Pass critical CFLAGS/CXXFLAGS to more build steps

[kwsantiago]

• Depends on build: move hardening flags to dedicated cmake module #254
• Closes Pass certain CFLAGS/CXXFLAGS to more build steps #159

[luke-jr]

What do you think about taking the hardening logic out of /CMakeLists.txt and putting it into a CMake module that we can just use here too? (Maybe make that a separate PR in case it doesn't work out)

[kwsantiago]

What do you think about taking the hardening logic out of /CMakeLists.txt and putting it into a CMake module that we can just use here too? (Maybe make that a separate PR in case it doesn't work out)

@luke-jr I moved this logic to #254

[luke-jr]

With the current PR, guix/depends don't get the hardening options. The point of #159 is to build everything included in the official binaries with full hardening (and source builds by default). The difficulty is using the same hardening decision logic for both the main source as well as dependencies.

[kwsantiago]

Added hardening flag propagation to all depends host configs (linux, darwin, mingw, freebsd, openbsd, netbsd), gated by NO_HARDEN, matching what Hardening.cmake applies to the main build: bb87830

[luke-jr]

The goal isn't to match Hardening.cmake, but to call and use it. Which would also test the usability of compiler-specific flags.

[kwsantiago]

Reworked: depends now probes Hardening.cmake directly instead of duplicating flags per-host.

[kwsantiago]

Moved -fstack-reuse=none into Hardening.cmake and pulled target_link_libraries out of the module so the probe skips the dummy library.

[luke-jr]

Don't we need to update build_id to include the flags?

Also, this doesn't seem to actually work. strace'ing the guix build shows many dependencies being built without the hardening flags.

[kwsantiago]

Fixed build_id to hash host_CFLAGS/CXXFLAGS/LDFLAGS (full flags incl. probe output). Verified under guix: 470/470 compile commands have all hardening flags; prior missing-flags symptom was stale cache not invalidating.

[kwsantiago]

Also added build-toolchain probe so native depends packages get hardening. Verified end-to-end under guix: 506/506 compile commands hardened, all 7 output binaries have BIND_NOW/PIE/stack_chk.

[kwsantiago]

Added host_build: QMAKE_* lines in qt.mk so Qt's native tools (moc, rcc, uic) also get hardening.
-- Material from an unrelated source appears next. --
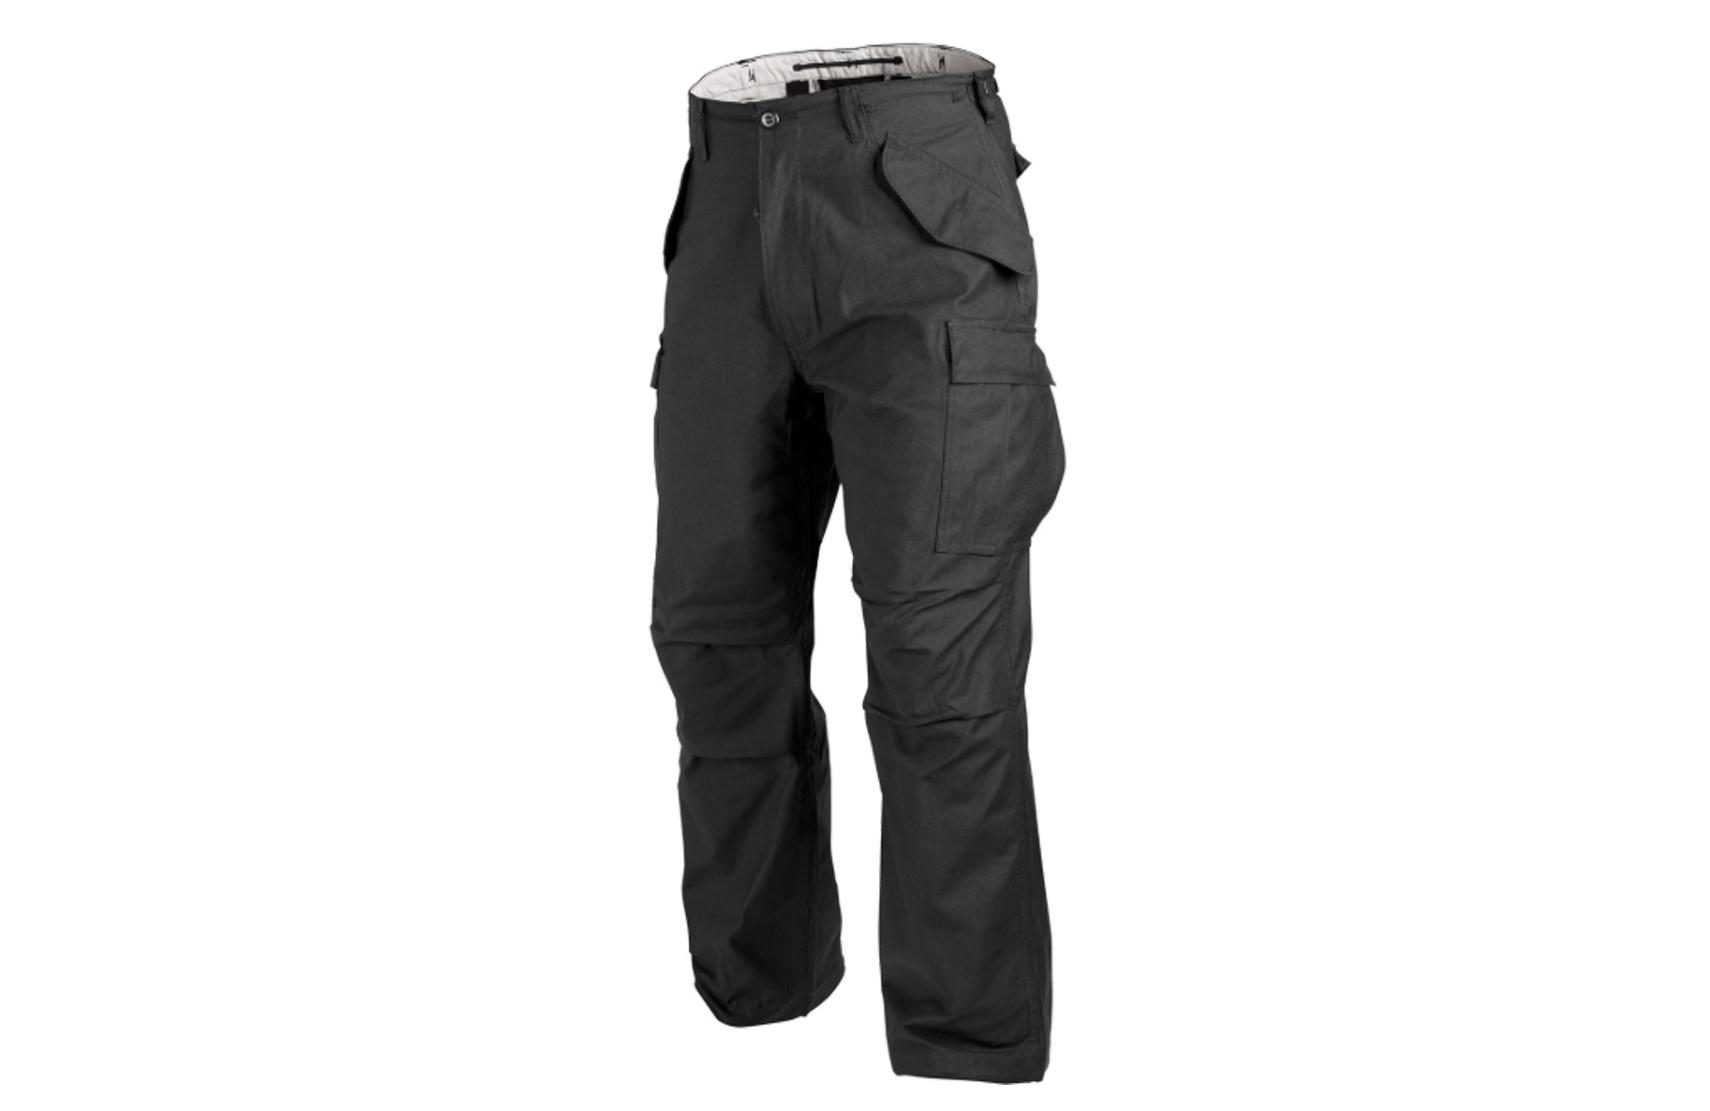 Spodnie Helikon M65 - Nyco Sateen - Czarne L/Regular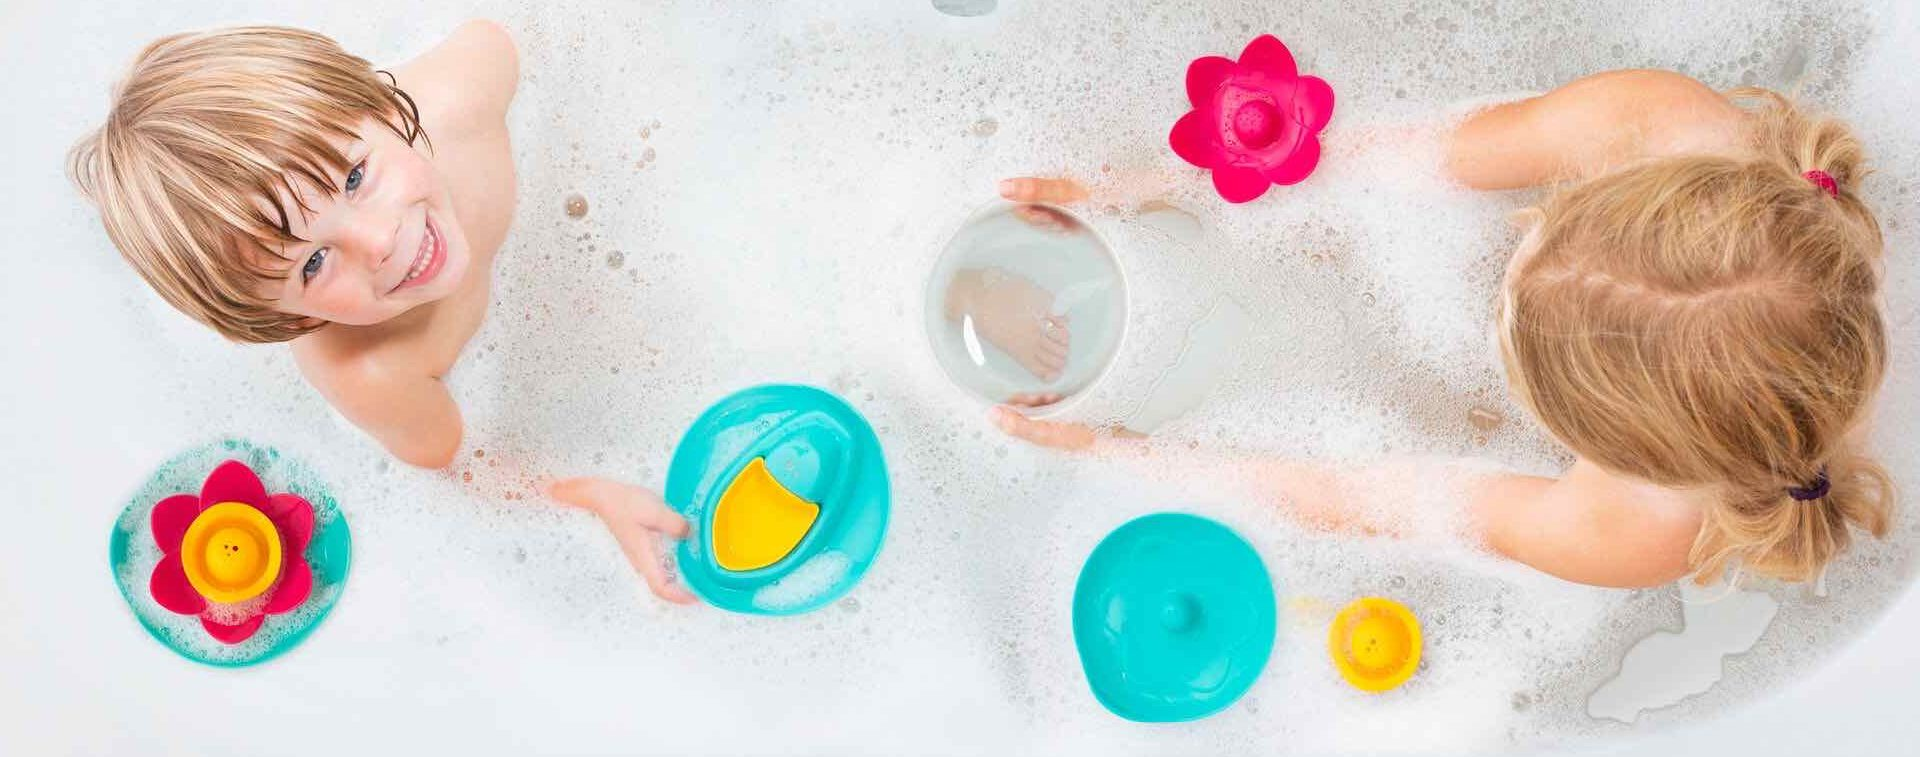 Quut_LILI-SLOOPI_inuse_bath_preview-e1523794082157

Verified under guix: 495/495 real compiles hardened (remaining 36 are cmake/autoconf internal probes, which your grep already filters).

grep 'execve("[^"]*\(cc\|++\|ld\)[^/"]*"' log-tmp | grep -v 'execve("[^"]*-ar"\|/bin/ldd"\|/bin/rcc"\|"--help"\|"-[-q]\?version"\|"-\?-print\|-ranlib"\|"-E"\|CompilerId\b\|conftest\|CMakeFiles/\|"-[Vv]"' |perl -nle 'if(m["(-o)", "([^"]{2,})"] and $2 ne "/dev/null"){print "$1 $2 $_"}elsif(m["([^"]+\.([ch](xx|pp)?|cc))"]){print "$1 $_"} else{print}'|grep -v '^-o /tmp/\|^cmTC_' | grep -v 'fstack-clash-protection\|-z.separate-code' |wc -l

[kwsantiago]

Patched qmake's Makefile.unix template so configure's bootstrap also gets hardening. Strace-verified under guix: 0 real build commands missing flags.